僱傭騎士 第六節

鄧克起身,猶豫該垂下頭還是直面王子。貝勒·坦格利安,龍石島的王子,御前首相,「征服者」伊耿的鐵王座繼承人,竟然在跟我說話?一個僱傭騎士怎有如此榮幸?「您——您把馬和盔甲歸還他而沒有索要贖金,我還記得」,他磕磕絆絆地說著,「那老——艾蘭爵士總說您秉承騎士精神,總有一天七大王國將在你手中永享和平」「我倒是希望這天別來得那麼快」,貝勒王子說。

「對不起」,鄧克慌亂地解釋,幾乎就欲脫口說我不是希望國王死去,幸好他及時停住口。「對不起,大人。不,我該稱呼,殿下」這會兒他才猛然覺到還有一個銀須男子在場,他稱呼貝勒王子為兄弟。這也是個龍王血脈,我這笨蛋。定然就是梅卡王子,戴倫國王的四子。伊利斯王子是個書獃子,而雷哥王子是個獃滯軟弱的精神病人。他們都不會穿過半個王國來參加這場比賽。梅卡王子亦是個令人生畏的勇士,可惜一直在兄長的陰影中鬱郁不得志。

「你想要參加比賽么?」,貝勒王子問道,「這由比武主持人全權負責,不過我看不出有什麼理由可以拒絕你。」

事務官垂下頭,「如您吩咐,大人」

鄧克結結巴巴地欲示謝意,梅卡王子一把打斷他的話頭,「好了爵士,你可以參加了。現在可以離開了吧。」

「請原諒我的兄弟」,貝勒王子歉意地說,「他有兩個孩子在這裡失蹤了,他現在非常擔憂」「春雨淹沒了很多河道,或許他們是被堵在路上。」

「我來這裡可不是聽一個僱傭騎士指點的」,梅卡王子忍不住向他兄弟發牢騷。

「你可以離開了」,貝勒王子只得善意地提醒鄧克。

「是的,大人」,鄧克轉身就欲離開。

貝勒王子卻叫住他。「爵士,還有一件事。你不是艾蘭爵士的血脈吧?」

「沒錯,大人。我並不是」

貝勒王子朝他的盾牌點點頭,看了看上面的飛翼杯。
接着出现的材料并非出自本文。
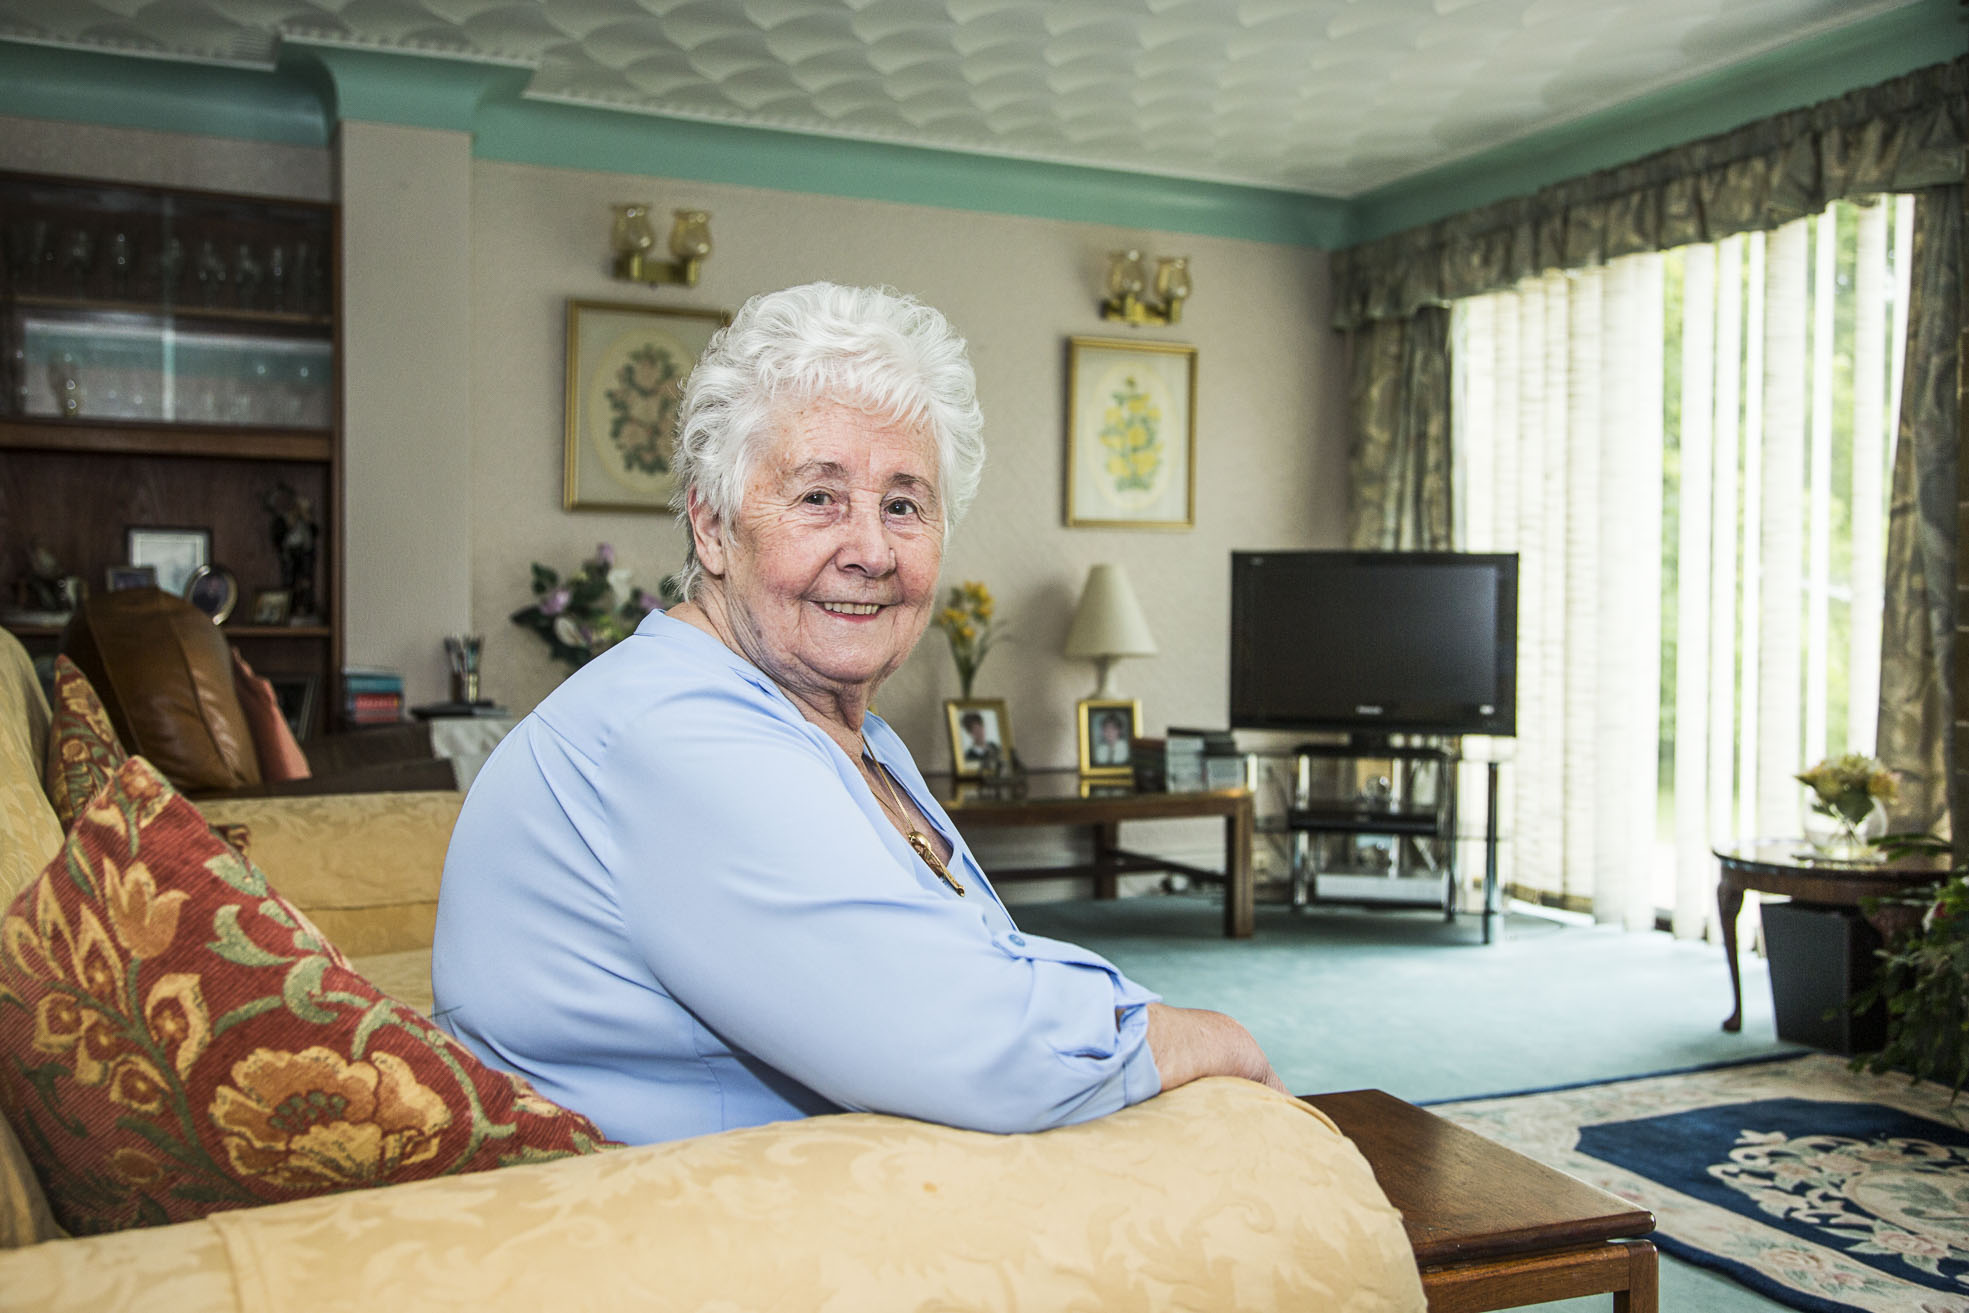 Bronwen, 77, is oldest care home manager in Wales – and she’s in line for top award

「根據法律,只有直系血親才能繼承裝備。你必須找一個新的圖案作為你自己的家徽」「我會的」,鄧克回答道,「再次感謝,大人。你會看到我如何英勇的作戰」就像貝勒王子一樣勇猛,老人常說。

酒販和臘腸商人還在互相交易,妓女公然地穿行在貨攤和帳篷之間,有幾個長得還不錯,尤其是那個紅髮女郎。鄧克按捺不住地盯著她邁步時微微晃動的胸部。

他記起自己還有銀幣,我可以讓她屬於我,銀幣叮噹聲的足以讓她著迷,帶她回帳篷然後佔有她整整一夜。他還從未和女人上過床,而且知道很有可能自己會死在第一場。騎乘比武危險的很……可是娼妓不見得會安全些,老頭總是提醒他。

她會趁我熟睡時捲走所有東西,到時候該怎麼辦?所以當女郎的目光越過肩膀瞟向他時,鄧克搖搖頭走開。

他在木偶戲那裡找到了席地叉腿坐著的伊戈,斗篷高高地拉起遮住光頭。男孩害怕進城堡,鄧克將它歸於害羞和自卑。他自己都無法親近老爺夫人們,更不用說王子了,他小時候也如伊戈一般。跳蚤窩外的世界既令他激動也讓他畏懼。伊戈需要時間的磨練。而現在該做的就是給他幾個銅幣讓他快樂地玩,不比硬拉著他去城堡要好么?

早晨木偶師出演的是佛羅理安和瓊琪的故事。一身小丑打扮的東恩婦人扮演著佛羅理安,而女孩操控著瓊琪。「你不是騎士」,隨著瓊琪的嘴巴一上一下,她模仿著說,「我知道你就是傻瓜佛羅理安」。

「沒錯,女士」,另一個木偶說到,「有史以來最偉大的傻瓜,亦是最偉大的騎士」「傻瓜兼騎士」,瓊琪說,「我可從來沒聽說過」

「可愛的小姐」,佛羅理安回答道,「在女人眼裡,哪個男人不是傻瓜?哪個男人不是騎士?」

一出凄涼但甜蜜的木偶戲,還有一個做工細緻的巨人。最後一小段打鬥划上了句號。鄧克拉上伊戈,向她們走過去。

「大人?」,女孩嘴角帶著笑意,眼角卻撇著別處。她要比他矮一個頭,可仍要比尋常女子高很多。

「很好的演出」,伊戈急切地說,「我喜歡你擺弄這些,瓊琪,龍還有別的,我去年也看過木偶戲,可它們就像木頭一樣笨拙。你表演得很流暢」「非常感謝」,她禮貌地向男孩表示謝意。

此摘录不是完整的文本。